Present Progressive and Simple Past or Simple Present Perfect

In the following sentence I am not quite sure which time I should use in the second part:

I am drawn to XXX, due to the fact that I have attended a lecture that has sparked my interest.

Can anyone give me a hint if I should use Simple Past or Simple Present Perfect?

Comments

  • Both, I think, are possible @clemetti*. PRESENT PERFECT can be justified on two grounds (as well as on others):

    1. An action is reported as happening at an indefinite time in the past.

    2. A state of affairs is reported as the present result of something happening in the past.

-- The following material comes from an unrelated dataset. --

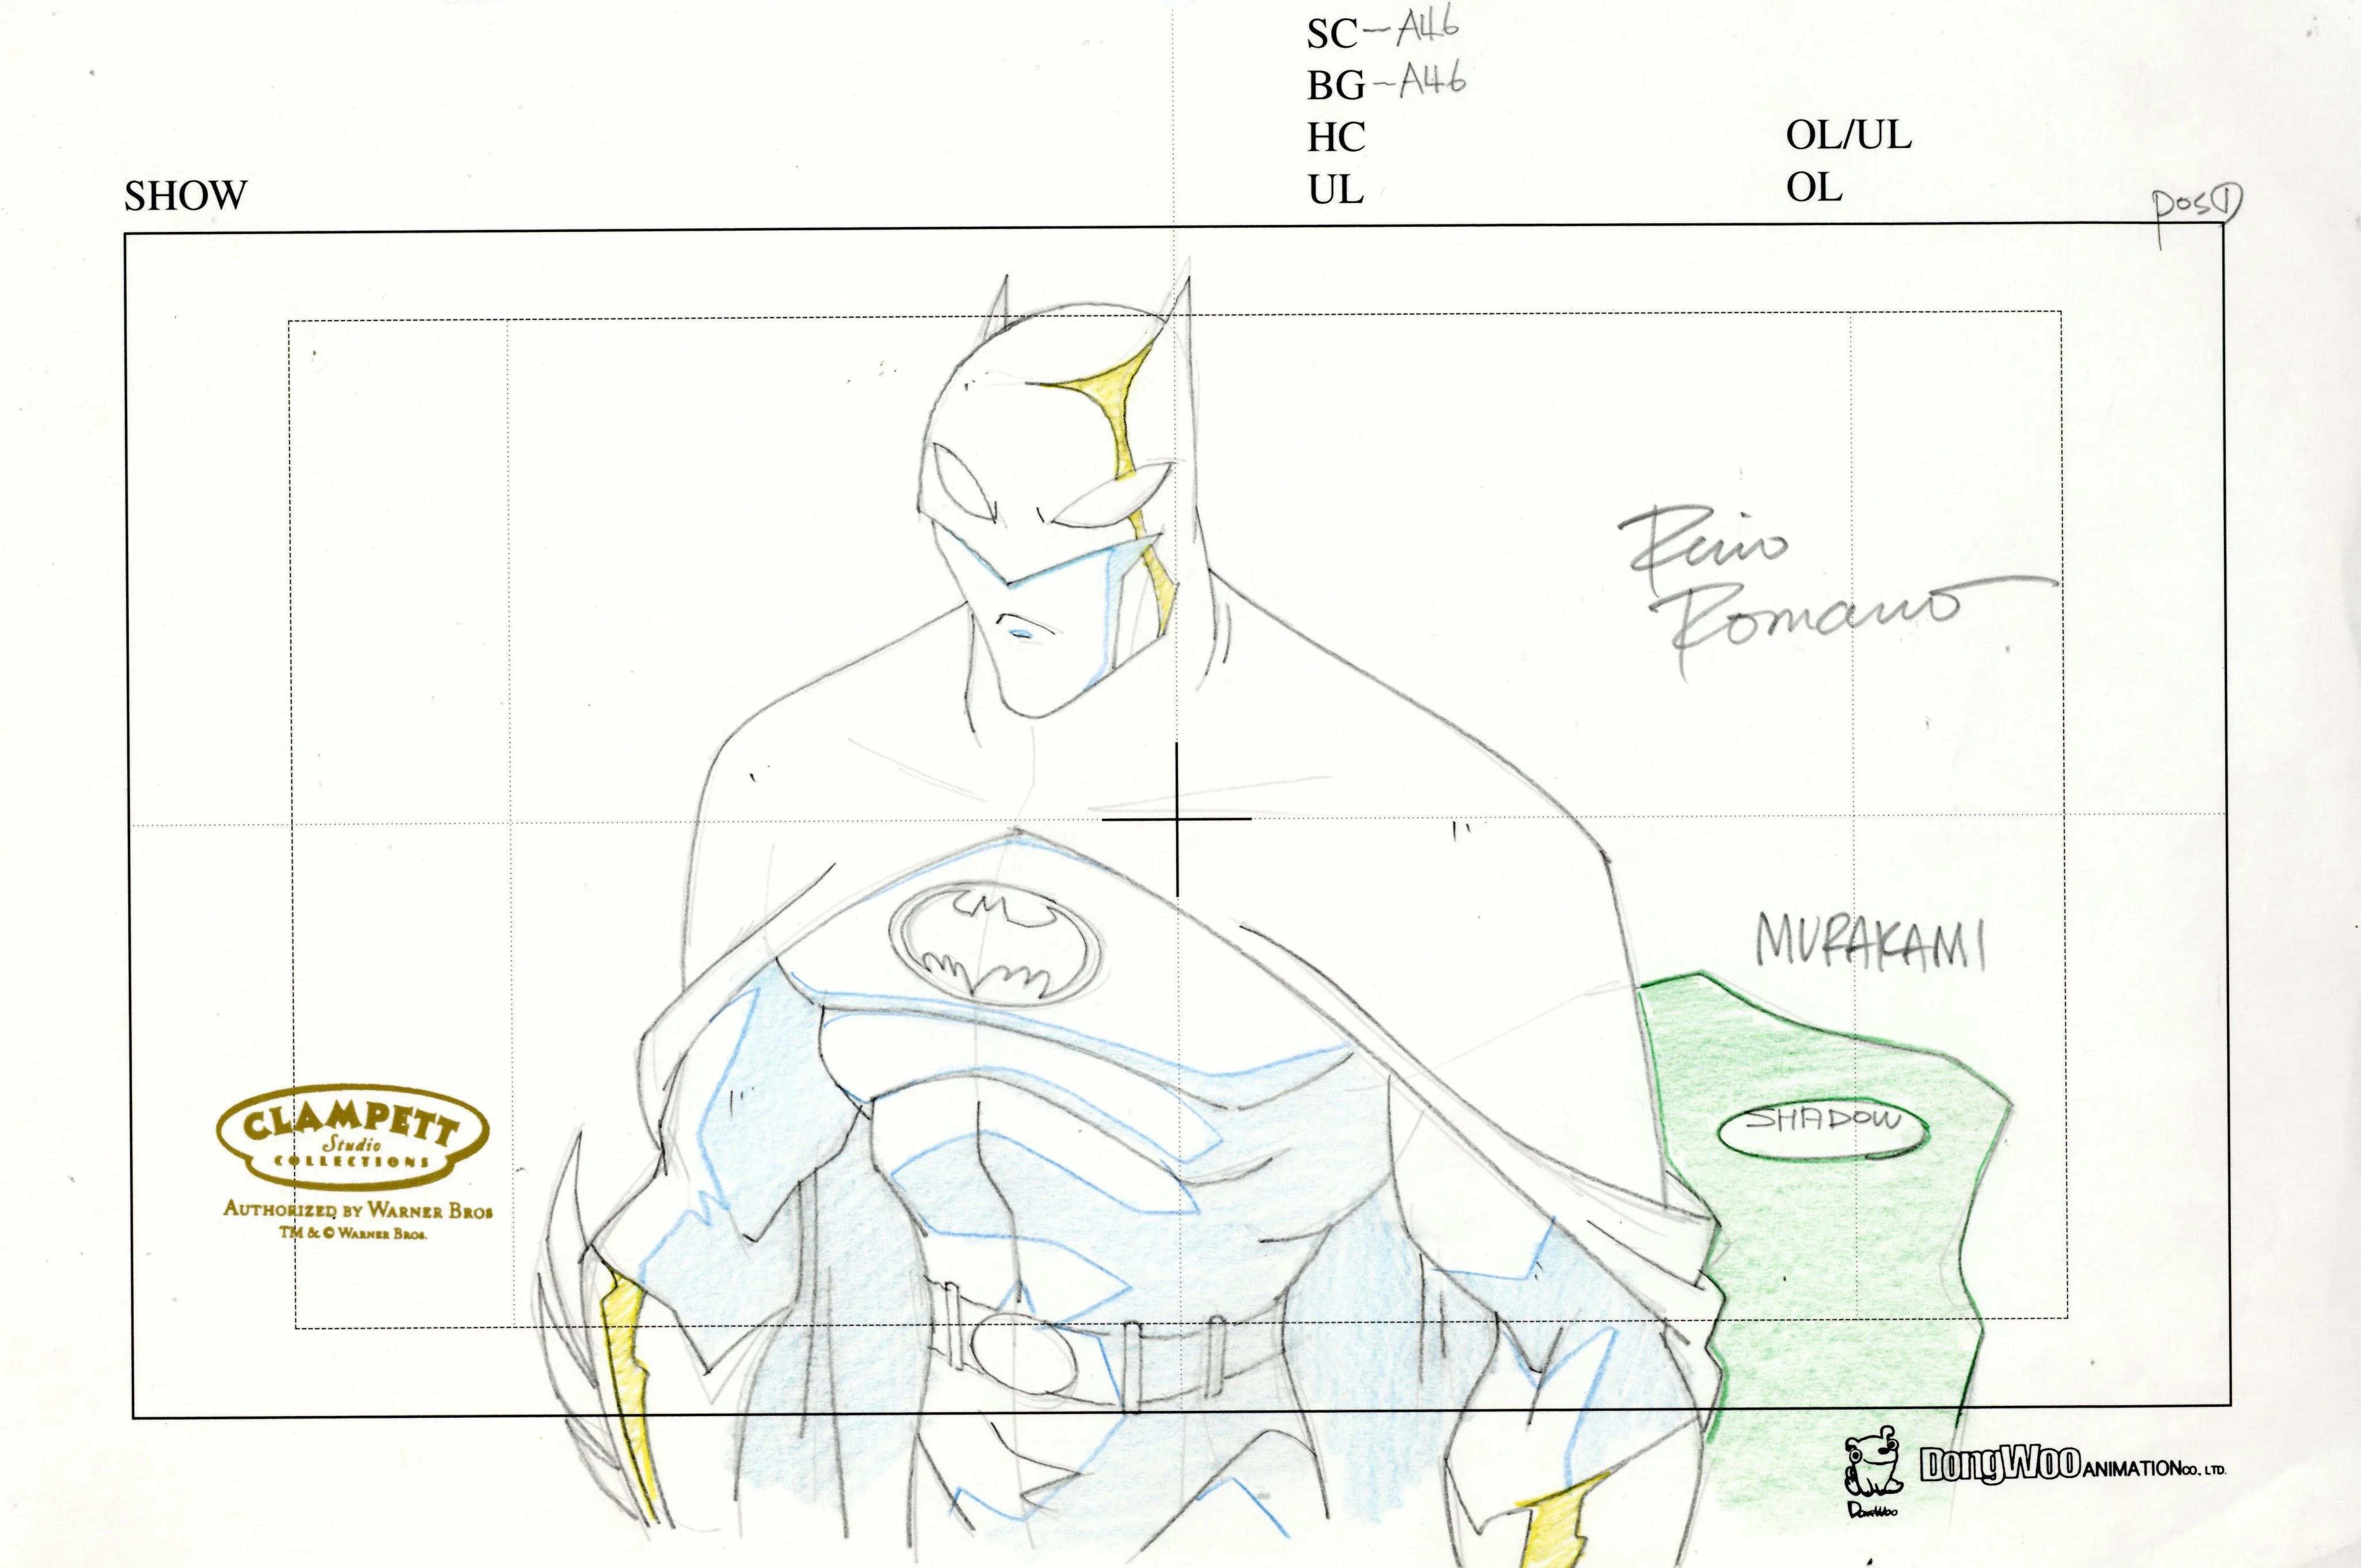 The Batman Original Production Drawing: Batman signed Rino Romano, Glen Murakami - Art by DC Comics Studio Artists

    Now [1] is a clear justification for I have attended a lecture

    (Although many American speakers, and some British speakers could say I attended a lecture here)

    The converse of [1] is that PAST SIMPLE is normal for an action at a definite time in the past. So we can say I have attended a lecture that sparked my interest on the grounds that the sparking of interest occurred at a definite time — the time of the lecture that has already been mentioned.

    This represents sparking of interest as the starting point for the speaker's growing interest.

    But suppose we see sparking of interest as a present result. In that case [2] can justify I have attended a lecture that has sparked my interest.

    Personally. I'm inclined to see sparking as an event, so I'm inclined to use PAST SIMPLE. But I wouldn't dismiss the other view as wrong.

    I've written about the grammar of the sentence, because that was the question you asked. I'm actually more worried about the vocabulary. I'm not happy with

    • I'm drawn to
    • due to the fact that
    • I attended

    I can see what you mean, but they feel stylistically wrong.